Problem to work on:
The entries are given below. Output each one unchanged.

Exercise materials:
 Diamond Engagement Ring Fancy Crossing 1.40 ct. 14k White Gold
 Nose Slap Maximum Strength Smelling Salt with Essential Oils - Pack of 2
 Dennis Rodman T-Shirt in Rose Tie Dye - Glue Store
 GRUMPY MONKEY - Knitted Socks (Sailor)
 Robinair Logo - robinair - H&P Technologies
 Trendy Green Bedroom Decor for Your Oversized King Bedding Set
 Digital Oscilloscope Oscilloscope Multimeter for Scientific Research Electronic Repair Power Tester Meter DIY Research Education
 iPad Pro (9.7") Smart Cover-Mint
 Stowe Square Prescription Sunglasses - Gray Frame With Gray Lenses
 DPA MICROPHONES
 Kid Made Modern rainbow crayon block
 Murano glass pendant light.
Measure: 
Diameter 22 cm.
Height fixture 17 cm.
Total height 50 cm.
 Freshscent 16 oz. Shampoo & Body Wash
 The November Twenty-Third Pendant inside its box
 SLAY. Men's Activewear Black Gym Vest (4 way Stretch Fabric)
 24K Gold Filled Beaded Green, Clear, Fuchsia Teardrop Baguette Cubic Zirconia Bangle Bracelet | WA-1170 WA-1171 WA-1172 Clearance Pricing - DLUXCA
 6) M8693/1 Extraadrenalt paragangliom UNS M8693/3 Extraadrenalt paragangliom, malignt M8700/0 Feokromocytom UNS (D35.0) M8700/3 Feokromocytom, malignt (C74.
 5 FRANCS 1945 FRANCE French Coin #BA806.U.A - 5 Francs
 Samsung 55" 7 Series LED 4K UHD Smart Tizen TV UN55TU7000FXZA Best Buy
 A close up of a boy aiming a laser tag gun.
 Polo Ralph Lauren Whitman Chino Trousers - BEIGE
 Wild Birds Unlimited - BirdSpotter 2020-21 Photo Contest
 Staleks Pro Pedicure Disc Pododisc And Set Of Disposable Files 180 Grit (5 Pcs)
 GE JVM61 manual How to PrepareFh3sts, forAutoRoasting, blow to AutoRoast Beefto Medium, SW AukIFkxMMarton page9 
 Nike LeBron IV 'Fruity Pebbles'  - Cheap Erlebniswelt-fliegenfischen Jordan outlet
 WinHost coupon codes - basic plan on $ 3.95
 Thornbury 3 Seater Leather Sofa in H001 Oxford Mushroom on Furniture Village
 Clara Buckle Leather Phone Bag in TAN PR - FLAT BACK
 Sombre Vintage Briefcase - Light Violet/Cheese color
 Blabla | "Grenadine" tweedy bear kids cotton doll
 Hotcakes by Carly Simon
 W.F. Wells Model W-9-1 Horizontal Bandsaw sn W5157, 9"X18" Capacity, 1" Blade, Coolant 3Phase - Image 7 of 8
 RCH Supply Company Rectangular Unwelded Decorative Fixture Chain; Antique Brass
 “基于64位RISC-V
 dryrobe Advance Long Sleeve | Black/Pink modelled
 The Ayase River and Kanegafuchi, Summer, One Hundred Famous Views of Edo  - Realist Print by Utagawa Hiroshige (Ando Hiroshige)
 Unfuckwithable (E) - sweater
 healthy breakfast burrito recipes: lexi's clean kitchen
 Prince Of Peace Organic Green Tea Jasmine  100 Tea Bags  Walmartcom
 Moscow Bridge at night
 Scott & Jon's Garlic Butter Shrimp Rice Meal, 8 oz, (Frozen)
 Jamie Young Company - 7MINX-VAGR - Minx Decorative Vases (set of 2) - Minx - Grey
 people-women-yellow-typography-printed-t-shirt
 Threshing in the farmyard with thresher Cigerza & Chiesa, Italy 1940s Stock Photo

Answer space:
 Diamond Engagement Ring Fancy Crossing 1.40 ct. 14k White Gold
 Nose Slap Maximum Strength Smelling Salt with Essential Oils - Pack of 2
 Dennis Rodman T-Shirt in Rose Tie Dye - Glue Store
 GRUMPY MONKEY - Knitted Socks (Sailor)
 Robinair Logo - robinair - H&P Technologies
 Trendy Green Bedroom Decor for Your Oversized King Bedding Set
 Digital Oscilloscope Oscilloscope Multimeter for Scientific Research Electronic Repair Power Tester Meter DIY Research Education
 iPad Pro (9.7") Smart Cover-Mint
 Stowe Square Prescription Sunglasses - Gray Frame With Gray Lenses
 DPA MICROPHONES
 Kid Made Modern rainbow crayon block
 Murano glass pendant light.
Measure: 
Diameter 22 cm.
Height fixture 17 cm.
Total height 50 cm.
 Freshscent 16 oz. Shampoo & Body Wash
 The November Twenty-Third Pendant inside its box
 SLAY. Men's Activewear Black Gym Vest (4 way Stretch Fabric)
 24K Gold Filled Beaded Green, Clear, Fuchsia Teardrop Baguette Cubic Zirconia Bangle Bracelet | WA-1170 WA-1171 WA-1172 Clearance Pricing - DLUXCA
 6) M8693/1 Extraadrenalt paragangliom UNS M8693/3 Extraadrenalt paragangliom, malignt M8700/0 Feokromocytom UNS (D35.0) M8700/3 Feokromocytom, malignt (C74.
 5 FRANCS 1945 FRANCE French Coin #BA806.U.A - 5 Francs
 Samsung 55" 7 Series LED 4K UHD Smart Tizen TV UN55TU7000FXZA Best Buy
 A close up of a boy aiming a laser tag gun.
 Polo Ralph Lauren Whitman Chino Trousers - BEIGE
 Wild Birds Unlimited - BirdSpotter 2020-21 Photo Contest
 Staleks Pro Pedicure Disc Pododisc And Set Of Disposable Files 180 Grit (5 Pcs)
 GE JVM61 manual How to PrepareFh3sts, forAutoRoasting, blow to AutoRoast Beefto Medium, SW AukIFkxMMarton page9 
 Nike LeBron IV 'Fruity Pebbles'  - Cheap Erlebniswelt-fliegenfischen Jordan outlet
 WinHost coupon codes - basic plan on $ 3.95
 Thornbury 3 Seater Leather Sofa in H001 Oxford Mushroom on Furniture Village
 Clara Buckle Leather Phone Bag in TAN PR - FLAT BACK
 Sombre Vintage Briefcase - Light Violet/Cheese color
 Blabla | "Grenadine" tweedy bear kids cotton doll
 Hotcakes by Carly Simon
 W.F. Wells Model W-9-1 Horizontal Bandsaw sn W5157, 9"X18" Capacity, 1" Blade, Coolant 3Phase - Image 7 of 8
 RCH Supply Company Rectangular Unwelded Decorative Fixture Chain; Antique Brass
 “基于64位RISC-V
 dryrobe Advance Long Sleeve | Black/Pink modelled
 The Ayase River and Kanegafuchi, Summer, One Hundred Famous Views of Edo  - Realist Print by Utagawa Hiroshige (Ando Hiroshige)
 Unfuckwithable (E) - sweater
 healthy breakfast burrito recipes: lexi's clean kitchen
 Prince Of Peace Organic Green Tea Jasmine  100 Tea Bags  Walmartcom
 Moscow Bridge at night
 Scott & Jon's Garlic Butter Shrimp Rice Meal, 8 oz, (Frozen)
 Jamie Young Company - 7MINX-VAGR - Minx Decorative Vases (set of 2) - Minx - Grey
 people-women-yellow-typography-printed-t-shirt
 Threshing in the farmyard with thresher Cigerza & Chiesa, Italy 1940s Stock Photo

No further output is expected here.